Herbal Sun Teas and Other Fun Summer Drinks


fresh teas warming in the sun

Summer is my favorite time of year for many reasons.  Maybe it’s the warmth of the sun that seems to fill me and everything around me with a feeling of goodness and plenty, relaxation and sharing.  It’s the warmth of the sun that lets me shed the restrictive layers of winter clothes that leave me hidden inside much of the year, and allows me to walk the ground barefoot and connected to the earth.

In childhood, the first few weeks of June were always an anxious wait for the freedom of summer, counting down the moments to the last school bell of the year.  Summer was a time for fun, and family, and vacations and hobbies.  I don’t think I’ve ever forgotten that feeling.

lovely lavender, a sure sign of summer

In celebration of my favorite time of the year, the sun, and the warmth it brings, I give you some of my favorite recipes for herbal sun teas.  These teas, delicious and cooling on a hot summer day, are just the beginning of what you might accomplish. Anyone with a garden, or even fresh bought herbs from the farmer’s market or grocery store, can experiment and come up with many tasty varieties far beyond what I offer here.  You will need a glass sun tea jar.  I got mine at the local hardware store in Albuquerque for a good price.

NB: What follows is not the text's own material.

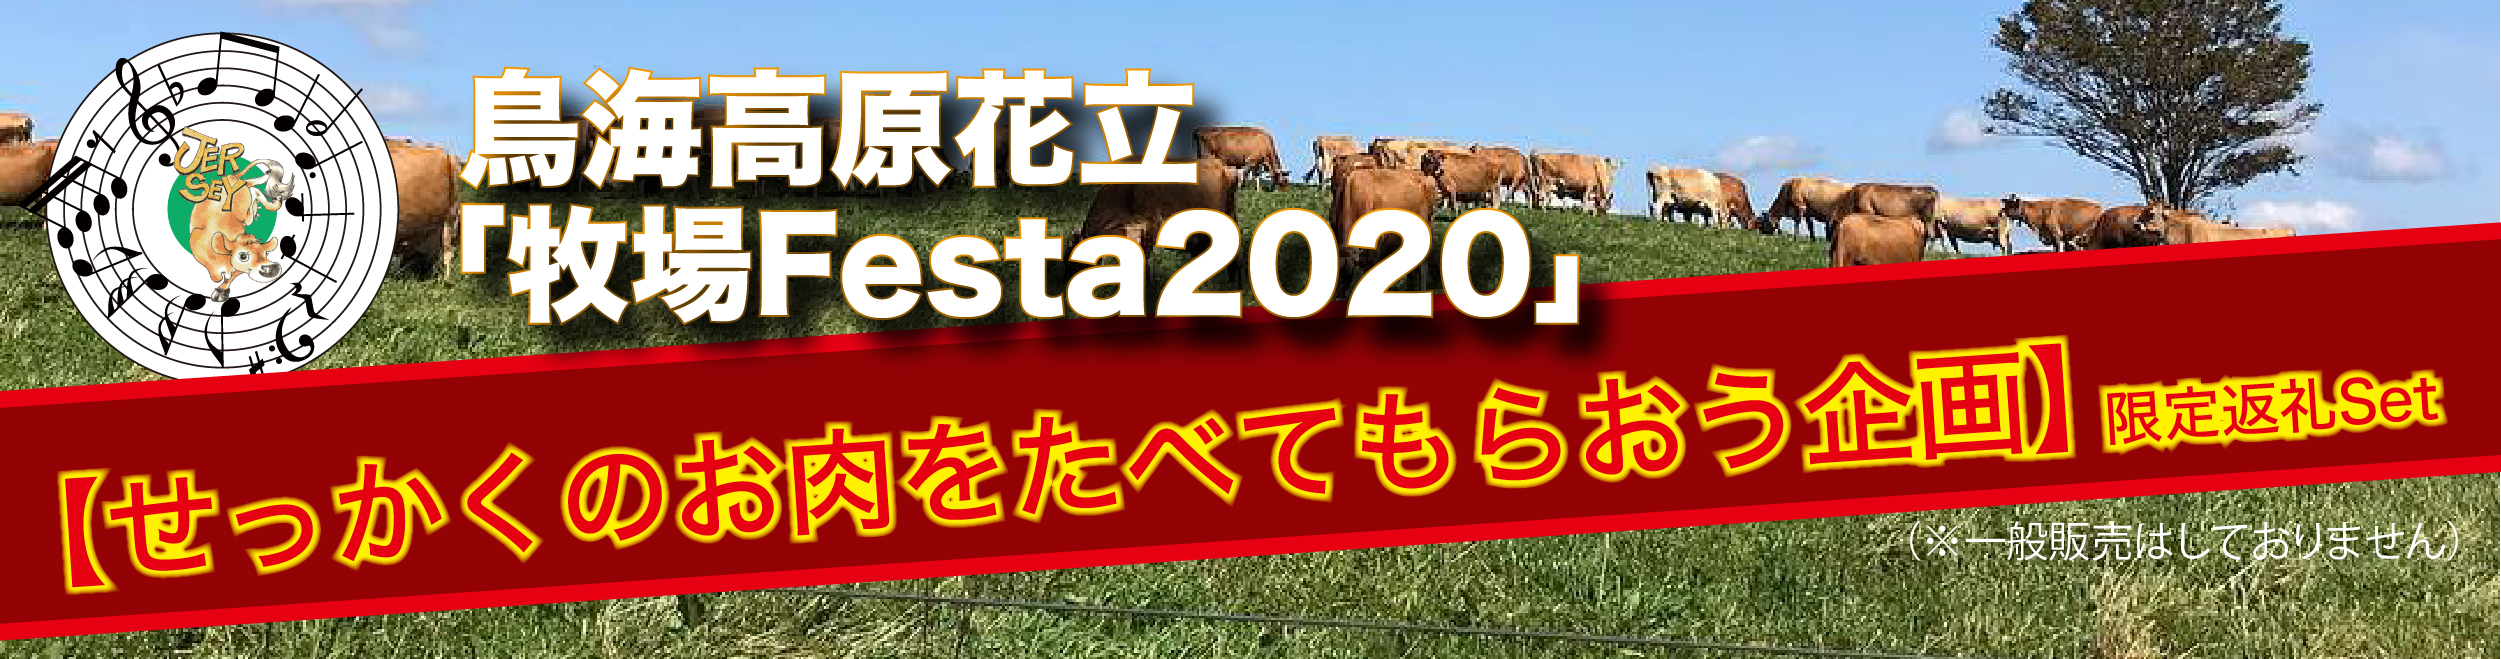 鳥海高原花立「牧場Festa2020」【せっかくのお肉をたべてもらう企画】限定返礼Set

The premise is simple.  Add fresh herbs (or citrus) to water. Let sit in the sun for an afternoon, then let it cool overnight in the fridge.  Voila! Sun tea.  Many herb teas taste great on their own, but if you want to add a sweetener, I recommend raw honey.  To name a few benefits- it’s full of vitamins & minerals, it’s antibacterial, antiviral, antifungal, and it even heals burns. Also try to buy organic, because pesticides will show up in the pollen that makes honey.

Maybe you don’t want to wait a whole afternoon for your happy summer drink.  Okay, well then, you can take the sun out of sun tea.  Simply pour boiling water into the jar over your fresh herbs.  Let it steep for half an hour or more.  Then pour your tea into a cup. If you are using raw honey, be sure to add it at this step. (Making raw honey too hot destroys many of its healthy properties.)  Add your ice cubes and you’re all set.

Now, if you’re like me, and want to infuse your tea with all the goodness of the sun the old-fashioned way, the recipes are below.


fresh mint from the garden

First on the list is Mint Tea. As mentioned before, it could not be simpler:

1 cup loosely packed mint leaves.


My first few undertakings of this tea were rather mild, too mild.  The problem was solved by my clever sweetheart, who decided one day to crush the mint leaves.  Problem solved.  So.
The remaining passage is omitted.